LECTURES MARGINALES D’UNE ŒUVRE FONDATRICE

2- Lectures possibles : le totalitarisme social

Bien que les académies exigent que le travail critique se fasse sur le texte et veuillent évacuer les lectures sociologiques, la dimension sociale persiste et les rapports qu’entretient l’auteur avec la société détermineront l’apport qu’aurait l’œuvre à la civilisation humaine. Dans notre cas, Djaout est considéré par l’opinion nationale et ceux qui fabriquent cette opinion comme un auteur engagé. Perçu comme un auteur affilié à l’aile francophone, Djaout ne réclame aucune appartenance idéologique, politique ou culturelle. Nous ne nous disposons pas de ses textes (journalistiques) où il passe du récit au discours et s’implique de fait dans les questions d’actualité qui se posaient. Collaborateur dans la page culturelle de l’unique journal francophone, Djaout serait tenté par les revendications identitaires. Les médias (appareils idéologiques) ont fait un classement qui a mis Djaout dans la case des contestataires. Toutefois, cette organisation n’échappait pas à ce que voulait l’idéologie sociale. Ecrire pour le peuple est un acte insensé et qui n’a pas de sens puisque ce peuple n’est pas prêt à lire ce que les lettrés écrivent. Le poète qui croit pouvoir dire avec d’autres mots ce que le commun des mortels est capable de dire est coincé par ce que le groupe prétend de lui.

La contextualisation est la première concession faite par la critique littéraire aux lectures. Toutefois, l’aspect qui pourrait être évoqué détermine l’orientation de la lecture. Sur quel contexte fonderons-nous notre lecture ? L’idéologie officielle qui prend en charge le discours fait au sujet de l’Histoire semble être la cible de l’œuvre djaoutienne. Même si aucun travail sociologique n’a été fait, il nous semble permis de dire que les contours des idéologies d’alors sont lisibles sur certains textes. Le rapport établi par Pierre Bourdieu constitué autour de la tension dominants-dominés est adopté par le discours social. Si les gouvernants sont perçus comme des dominants et le peuple, lui, est considéré comme un dominé ; il n’en demeure pas moins que cette structuration garantit la survie de l’expression artistique. C’est-à-dire que l’auteur est soumis à une

logique, le créateur et l’extérieur.
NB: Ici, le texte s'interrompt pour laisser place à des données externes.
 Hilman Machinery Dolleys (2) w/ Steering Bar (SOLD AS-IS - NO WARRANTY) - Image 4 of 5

L’individualité, constamment menacée, et la socialité, constamment et essentiellement oppressante. Il s’agit, dans ce cas, de redéfinir la socialité. Un groupe équilibré où les rapports sont mus par une tension oscillant entre les individus recèle des sensibilités idéologiques fort diverses, mais l’équilibre n’est menacé que lorsqu’un article est enfreint. Aussi bien pour l’auteur que pour les autres classes sociales, des infractions sont commises. Et pourquoi l’auteur est-il redevable d’une conversion socialisante d’une parole essentiellement individuelle ?
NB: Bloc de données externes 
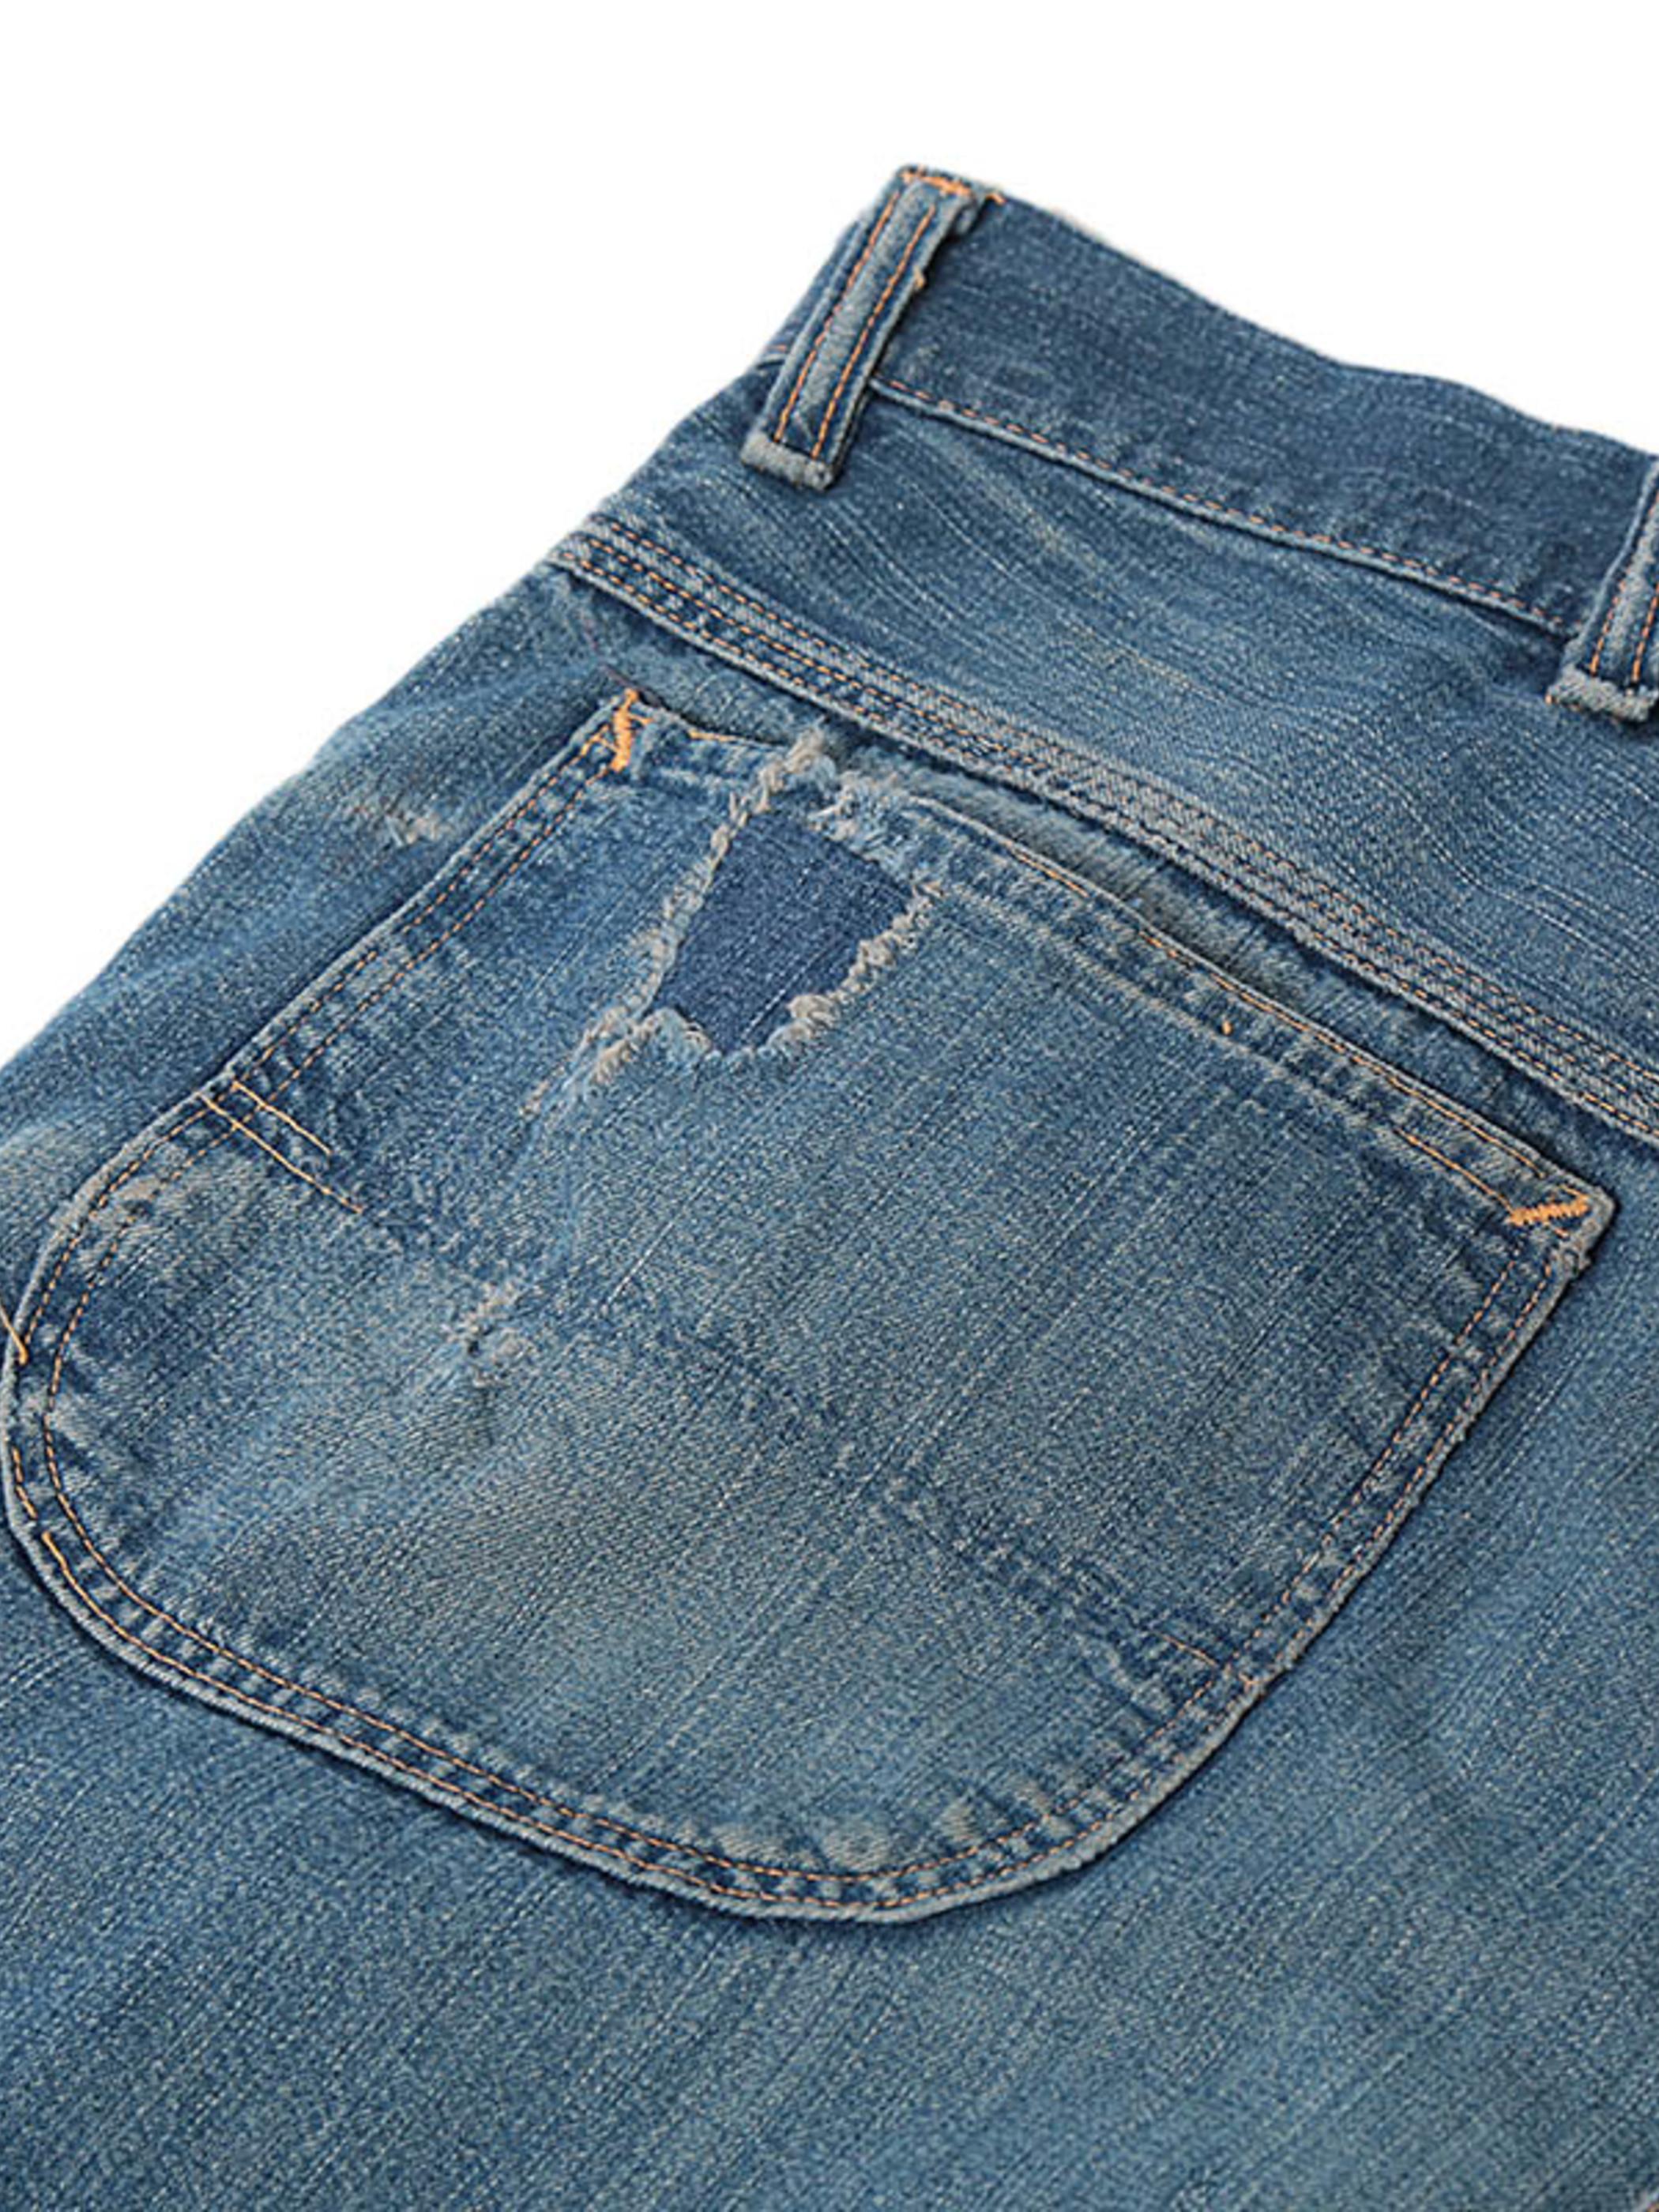 Used / Sears / 1960's Vintage / Painter Denim Pants / 35inch

Dans notre cas, l’œuvre observe tout le code social. Elle reproduit un voyage qui devrait se clore par le réenterrement des os recherchés. Le style et les figures de style sont mobilisés sur un modèle social qui aurait été banni par le chef de file des auteurs maghrébins. Par conséquent, le récit se calque sur un discours qui nourrit des similitudes avec ce qu’un courant prétend au sujet de la politique et de la gouvernance. L’œuvre en question est un argument d’un discours qui plonge ses racines dans le groupe social. L’œuvre est dans ce cas sous la tutelle de l’idéologie, l’auteur se positionne dans le groupe. C’est pourquoi, nous sommes tentés de dire que l’écrit djaoutien subit le totalitarisme social. Toutefois, nous nous gardons de toute négation des travaux réalisés au sujet de la création, de l’écriture, des approches et des restrictions méthodologiques. Le contexte dans lequel le texte djaoutien a vu le jour était marqué par l’interdiction de toute lecture de l’Histoire et si cette lecture venait d’être faite de lourdes accusations tomberaient. Le régime politique qui disait tirer sa légitimité de la révolution ne pouvait accepter aucune lecture critique de l’Histoire. Et l’idéologie officielle fit que l’Histoire se réduisît à l’identité arabo-musulmane. Coincé par un discours dissident à l’idéologie officielle, l’auteur s’est trouvé dans le giron d’une société qui recelait des sensibilités fort différentes. Et le discours sur l’identité nourri par les dissidents politiques était l’un des moteurs des guerres idéologique, culturelle et morale que le deux camps animaient. D’autre part, l’auteur,

individu social, selon l’un des paradigmes adoptés par la sociologie, ne croit pas être en devoir de subir les lectures que fait la société des faits. Néanmoins, dans notre cas, l’exception fait que Djaout soit le porte-parole d’un discours à la fois savant et populaire. Les stéréotypes font que Djaout donne une nouvelle dimension à l’écriture. Même si le roman ne porte pas de germes hautement subversifs ; le recours à l’expression artistique pour faire sa propre lecture, recevoir les auréoles de la dissidence politique enracinée dans le groupe social, hériter d’un combat où la mystification l’a emporté sur la réalité déterminent l’apport social de l’œuvre.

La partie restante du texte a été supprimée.